Parameters for consideration in choosing
standard care procedures for chronic cutaneous ulcer trials
include the following:
- Removal of necrotic or infected tissue
- Off-loading
- Compression therapy for venous stasis
ulcers
- Establishment of adequate blood
circulation
- Maintenance of a moist wound environment
- Management of wound infection
- Wound cleansing
- Nutritional support, including blood
glucose control for subjects with diabetic ulcers
- Bowel and bladder care for subjects with
pressure ulcers at risk for contamination
The presence
of necrotic tissue, sinus tracts, exudation or transudation, and
infection of soft and hard tissues can interfere with ulcer
healing. Appropriate debridement procedures for the indicated
ulcer should be specifically defined in the protocol. To avoid
bias and confounding of potential treatment effects, ulcer
debridement should generally precede evaluation of ulcer extent
and infection. Enzymatic debriding products, like other
concomitant topical products, can confound results in topical
wound-treatment product trials and generally should be avoided.
The need for additional sharp surgical
debridement, performed after study treatment has started, may
indicate product-induced wound deterioration. Any surgical
debridement should be documented on CRFs and included in analysis
of product safety and efficacy. In general, the study protocol
should specify that investigators discontinue study treatment if
repeat debridement is needed to address wound deterioration. For
example, ongoing removal of callus as part of standard diabetic
ulcer care would not require discontinuation of study treatment,
but deep debridement for new onset osteomyelitis would.
b.
Off-loading and compression
Relief of pressure is critical in determining
the outcome for certain chronic ulcers. Off-loading is often
difficult to standardize because equipment (e.g., type of bed) may
not be available at all sites, and compliance with study
procedures is labor intensive (e.g., turning). If these critical
aspects of effective therapeutic intervention cannot be
standardized across all sites, it is important to specify the
actual care delivered in CRFs and to consider concomitant care in
the efficacy analyses. For diabetic foot ulcers, compliance with
off-loading is a strong factor associated with wound closure and
should be monitored throughout the clinical trial. Off-loading
approaches (e.g., some form of casting and elevation) should be
weighed against the need to apply study treatments and monitor
outcome. Similar considerations are important in choosing
compression methods for venous stasis ulcers.
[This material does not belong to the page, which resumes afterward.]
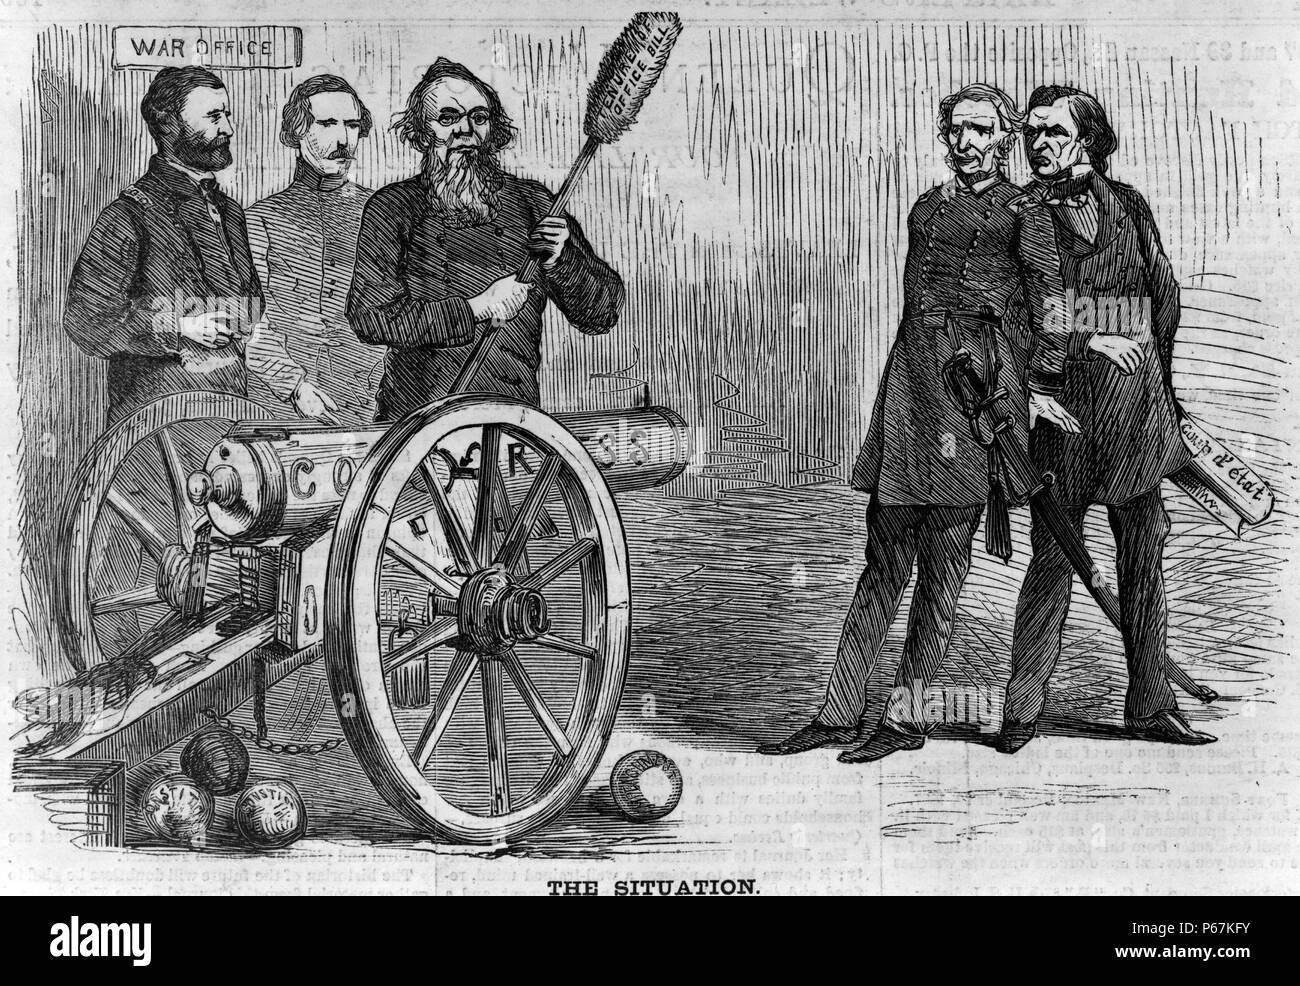 Die Situation "Ulysses Grant und Edwin Stanton in der Nähe von Kanone gekennzeichnet"Kongreß"abzielen, Lorenzo Thomas und Präsident Johnson. Stockfoto

Maintenance of a moist wound environment
generally is accepted as a component of standard care for all
chronic cutaneous ulcers. Methods of maintaining a moist wound
environment should be identified in the clinical protocol and
optimized for the specific patient population, the wound type to
be studied, and the type of product being tested. If there is a
sound rationale for the expected benefit of a test product that
cannot be used with established standard care dressings,
alterations in standard care might be safely implemented. This
can be done by including in the protocol adequate criteria for
discontinuing subjects from study treatment or through the
appropriate implementation of an independent data safety
monitoring board to oversee trial safety.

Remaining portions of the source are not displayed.